中国、太陽光パネルを迂回輸出か

関税回避の疑い、米政権が調査 新疆の強制労働に懸念も

中国の太陽光パネル製造業による迂回輸出の疑いについて調査を行っている米商務省のレモンド長官(UPI)

バイデン米政権は、中国の太陽光パネル製造業者が東南アジア4カ国を経由して輸出することで米国の関税を不当に迂回(うかい)しているかどうかを調査している。太陽光発電の推進に遅れをもたらすとして業界団体などは反発する一方で、不公正な貿易の是正や中国政府によるウイグル人らへの強制労働の懸念などから調査を支持する声も強く、政権の今後の対応が注目される。(ワシントン・山崎洋介)

今回の調査は、中国の企業がマレーシア、ベトナム、カンボジア、タイを経由して輸出することで、関税を不当に回避しようとしているとして、カリフォルニア州シリコンバレーの小規模太陽光パネル業者「オーキシン・ソーラー」が調査を求める請願書を商務省に提出したことを受けて3月に始まった。

中国企業が回避しているとオーキシン社が指摘する関税は、オバマ政権時代の2012年に中国企業が政府から巨額の補助金を受け生産した太陽光パネルが米国市場に市場価格以下で輸入されるのを防ぐために課された。こうした政策の結果、21年に中国から直接輸入された太陽光パネルは、全体の1%に満たない。その一方、東南アジア4カ国は米国の太陽光パネル輸入の約8割を占めている。

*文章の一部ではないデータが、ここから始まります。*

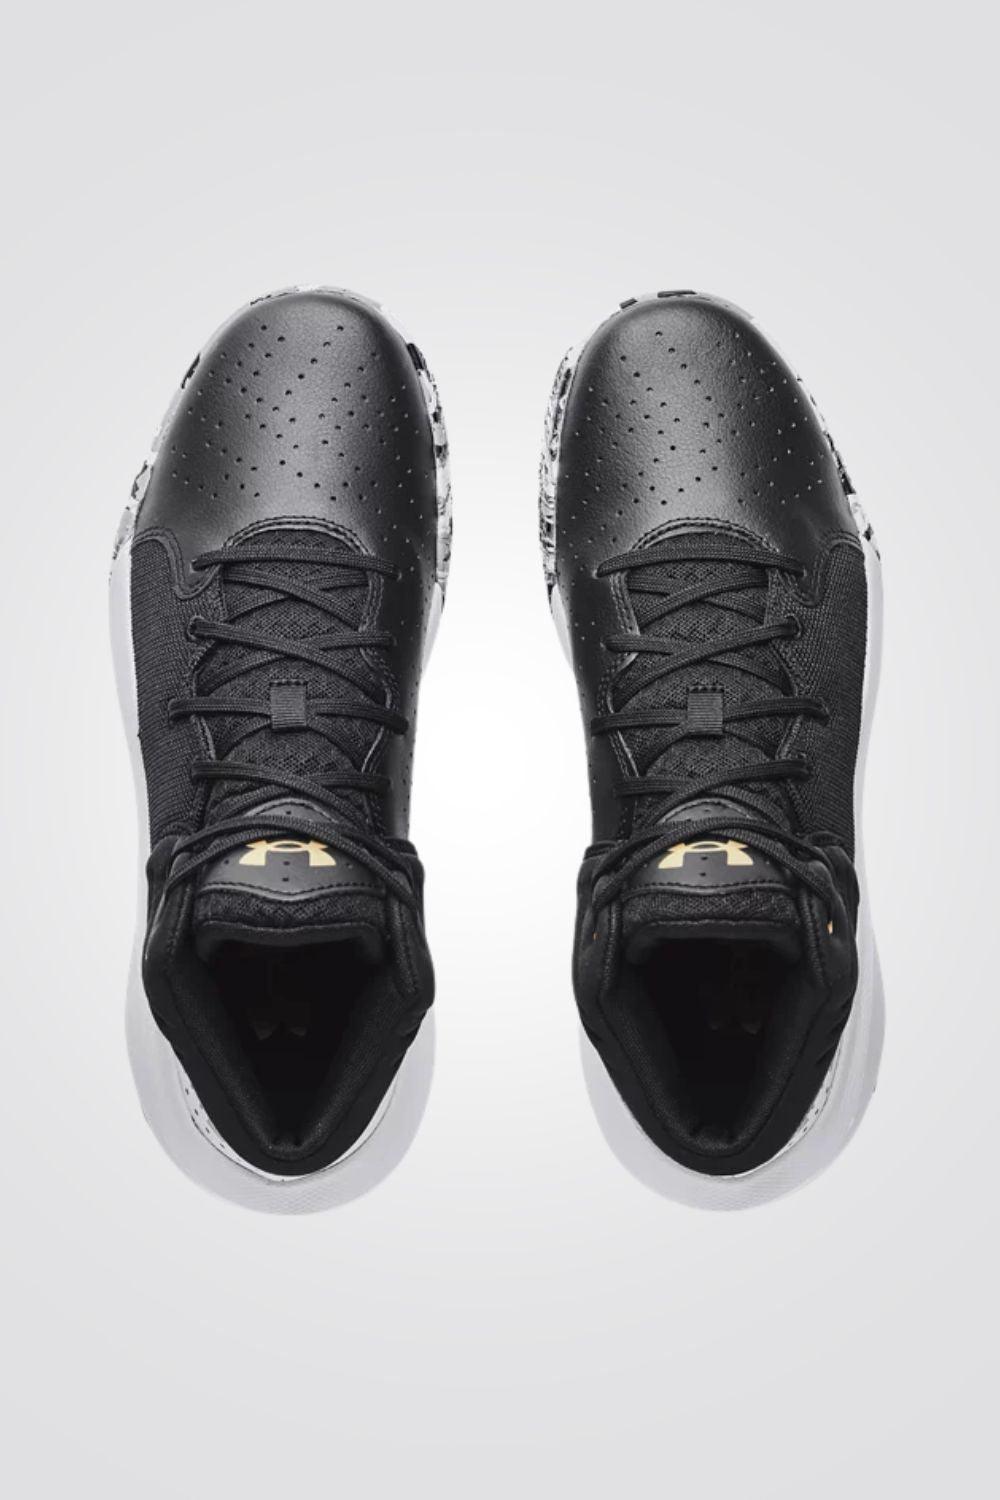 UNDER ARMOUR - נעלי ספורט JET '21 BASKETBALL בצבע שחור ולבן - MASHBIR//365

今後、予備的調査結果が8月までに、最終結果は来年1月までに発表される予定となっている。だが、バイデン政権がこれらの国からの輸入品に大幅な関税を課せば、米国の太陽光産業に大きな影響を与えることが予想される。

業界団体は、商務省が調査を開始することによりすでに打撃を被っていると訴えている。太陽エネルギー産業協会(SEIA)は、調査の影響で318の太陽光プロジェクトが中止または延期されたと主張。調査の結果次第では、太陽光パネルの輸入に対して関税が過去にさかのぼって課される可能性があることから、海外メーカーはこれを懸念し、東南アジアから米国へのパネル出荷を停止したことが要因だとされる。

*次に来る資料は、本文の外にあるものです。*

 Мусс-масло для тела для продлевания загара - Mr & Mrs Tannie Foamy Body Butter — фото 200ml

バイデン政権が気候変動対策を看板政策として掲げる中、一部高官は、調査について不満を募らせていると伝えられる。ワシントン・ポスト紙によると、気候変動問題を担当するケリー大統領特使やグランホルム・エネルギー長官が、調査について政権内で懸念を示しているという。

また連邦議会では、超党派の21人の上院議員が5月1日、バイデン大統領に商務省の調査を「迅速な結論」に導くよう促す書簡を送付。書簡は「重大な政策的影響を慎重に検討すべきだ」とし、太陽光産業への影響を考慮するよう求めた。

一方、オーキシン社による申し立ては、中国の不公正な取り組みから米国の産業を保護すべきだとの立場から、党派を超えた一定数の議員から支持を得ている。

共にオハイオ州選出であるロブ・ポートマン(共和党)、シェロッド・ブラウン(民主党)両上院議員は3月、レモンド商務長官に書簡を送り、東南アジアで事業を行う中国の太陽光企業が「中国の原材料、労働力、設備投資、研究開発を利用している」と指摘し、これらは「教科書通りの不正な迂回行為だ」と主張。疑惑が解消されなければ、「国内産業全体と数多くの米国の製造業の雇用が危険にさらされる」と訴えた。下院の15人の超党派議員も、太陽光サプライチェーンにおける強制労働の問題などを指摘し、商務省に徹底した調査を求めた。

中国におけるウイグル人らへの強制労働の疑いをめぐっては、英ノッティンガム大学が3月に発表した報告書で、「ある推定では、世界の太陽光発電パネルの約97%に、強制労働によって作られた新疆ウイグル自治区の部品が含まれている可能性がある」と指摘するなど、懸念が広がっている。

米ナショナル・レビュー誌は、商務省の調査開始により太陽光プロジェクトが相次いで中止や遅延に追い込まれていることは、「米国の太陽光パネル産業が少なくとも今のところ中国のポリシリコンに依存しており、そのかなりの割合が新疆自治区からのもので、ウイグル人の労働力を利用していることを証明している」と指摘した。